# Titanic Survival Prediction
## Scientific Python - Final Project -SS23
### By Lucia Walther and Milena Schlichting

On April the 15th 1912 the infamous sinking of the RMS Titanic caused the tragic death of more than 1500 people, making it the the deadliest sinking of a single ship in that time. Until today the fate of the "unsinkable" ship stays prominent in our minds, leading to improvement of maritime safety and social (class) critizism. The latter is of interest for us, since we want to investigate how social status, gender, age and other factors influenced the survival chance of the crew and passengers aboard. 

In this project you will get an informed prediction about your survival during the sinking of the Titanic, based on your personalized input. 

 ...
- welche ML algorithmen usen wir?
-  welches daten set?


First we will import necessary libaries and load the data set and have a look at it to see what we are working with.

In [65]:
import pandas as pd
import numpy as np
import matplotlib.pyplot as plt

df = pd.read_csv("titanic.csv")

In [67]:
df.head()

Unnamed: 0,PassengerId,Survived,Pclass,Name,Sex,Age,SibSp,Parch,Ticket,Fare,Cabin,Embarked
0,1,0,3,"Braund, Mr. Owen Harris",male,22.0,1,0,A/5 21171,7.25,,S
1,2,1,1,"Cumings, Mrs. John Bradley (Florence Briggs Th...",female,38.0,1,0,PC 17599,71.2833,C85,C
2,3,1,3,"Heikkinen, Miss. Laina",female,26.0,0,0,STON/O2. 3101282,7.925,,S
3,4,1,1,"Futrelle, Mrs. Jacques Heath (Lily May Peel)",female,35.0,1,0,113803,53.1,C123,S
4,5,0,3,"Allen, Mr. William Henry",male,35.0,0,0,373450,8.05,,S


As we can see there are 12 features including 
- PassengerId: numerating the passengers with integers ranging from 1 to 891
- Survived: either 1 (survived) or 0 (did not survive)
- Pclass: A proxy for the social-economic status, can be either 1st (upper) class, 2nd (middle) class or 3rd (lower) class
- Name: the name of the passenger/ crew member
- Sex: either female or male
- Age: if the age is less than 1 it is given as a fraction and if estimated it is given in the form xx.5
- SibSp: indicates with how many sibling or spouses the person traveled
- Parch: Indicates how many family members (including parents and children) traveled with the person. Some children traveled with just a nanny and therefore have the value 0.
- Ticket: the ticket number
- Fare: passenger fare
- Cabin: the cabin number
- Embarked: port of embarkation, either C = Cherbourg,  Q = Queenstown or S = Southampton

......Our target class is "Survived". In the following we are going to investigate which features are important for predicting the target class. By excluding any non-informative features we can reduce computation time and complexity.......

## Normalizing
In order to work with the data we are going to normalize it and format certain features to make them easier to work with. 

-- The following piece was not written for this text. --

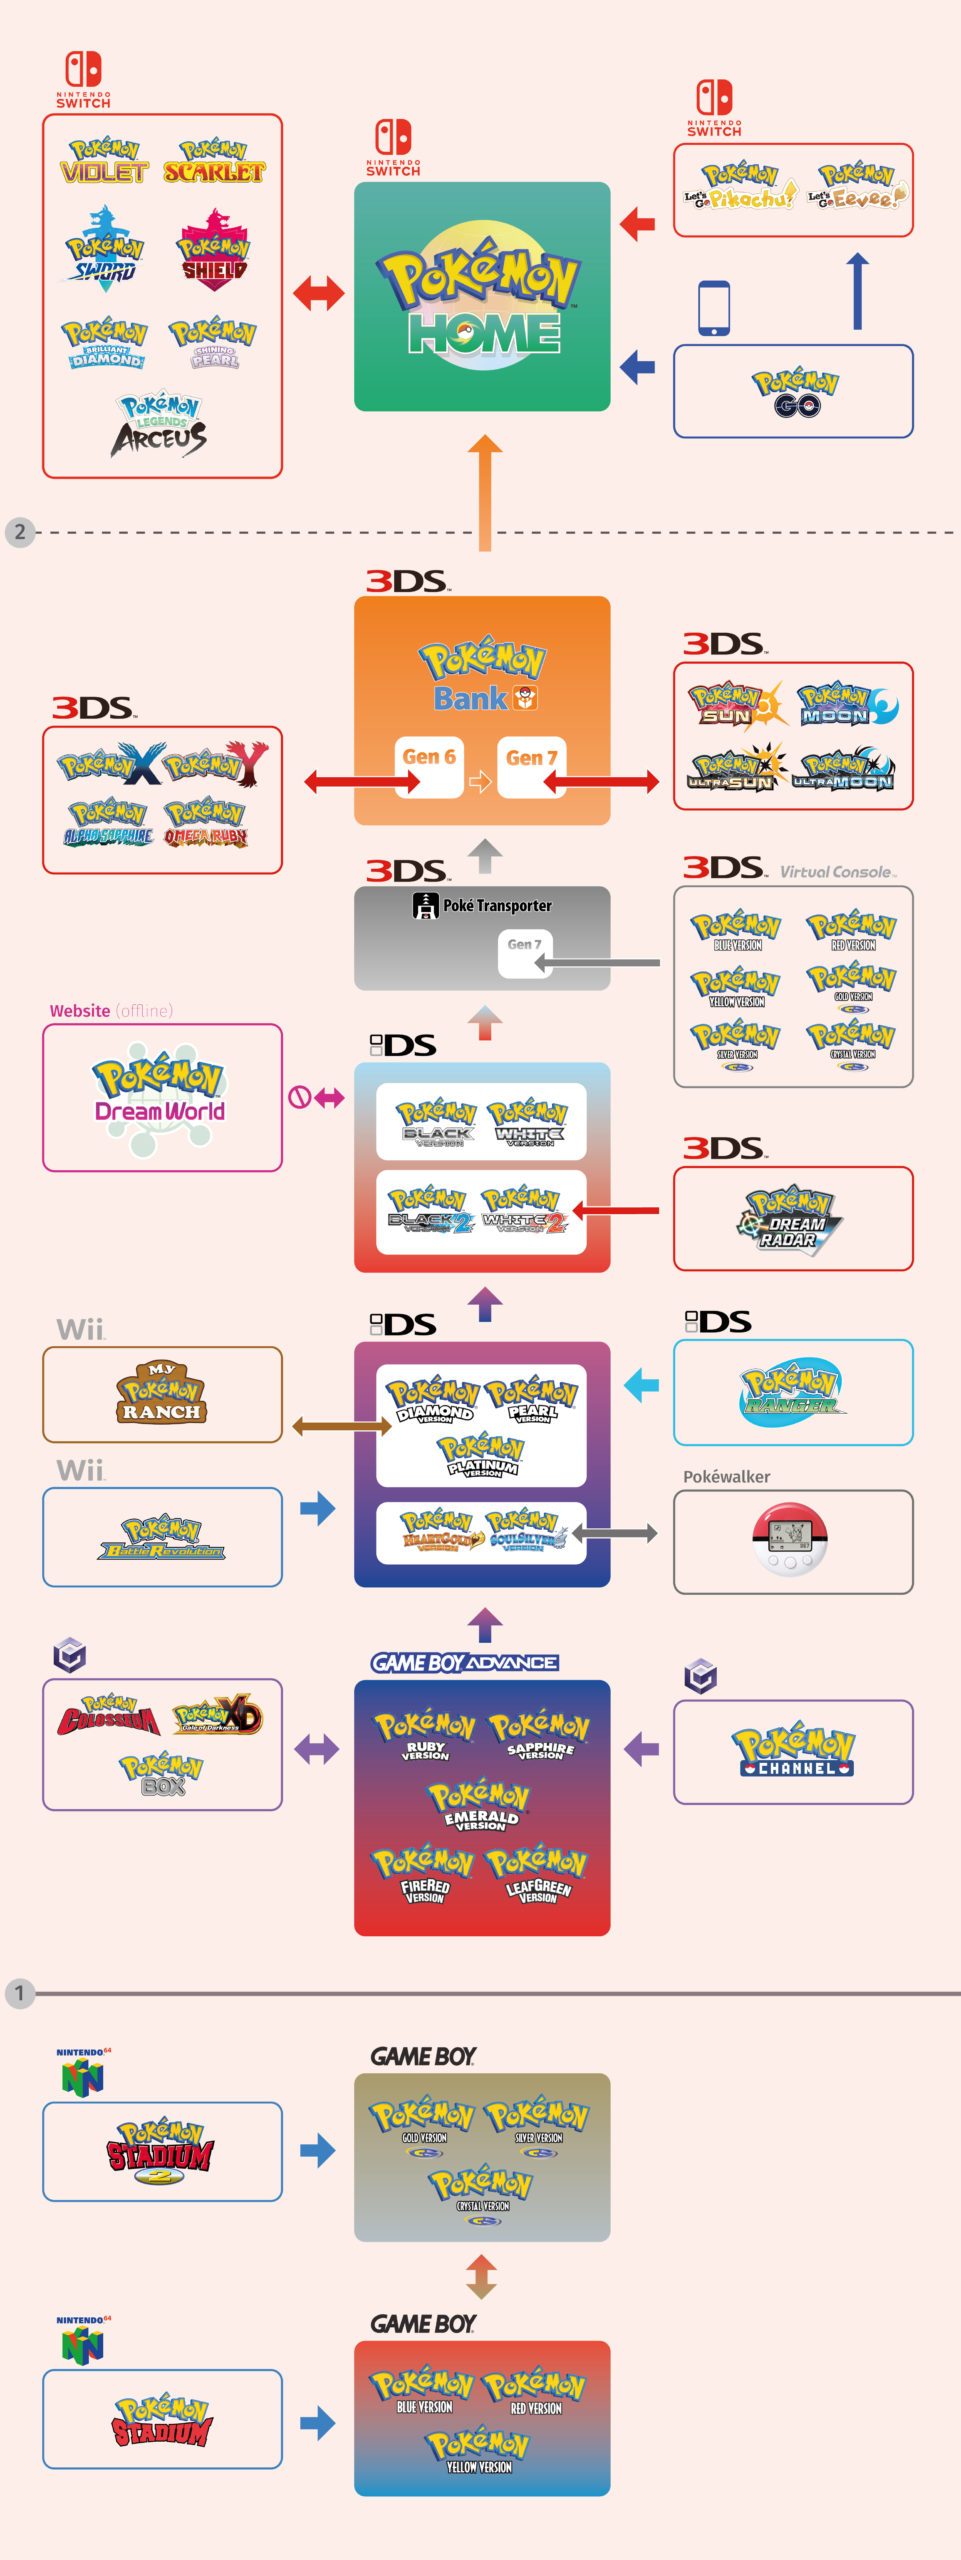 Grafik die die möglichen Transferoptionen zwischen den Pokémon Spielen zeigt. Pokémon Bank, Pokémon HOME. Pokemon BOX

There are some missing values that we convert into numpy 'NaN' values.

In [68]:
df = df.replace('nan', np.nan)

We will start with the feature "Sex" and turn the possible values "Male" and "Female" into numerical values, with 1 = Female and 0 = Male.

In [69]:
df['Sex'] = df['Sex'].replace('male', 0)
df['Sex'] = df['Sex'].replace('female', 1)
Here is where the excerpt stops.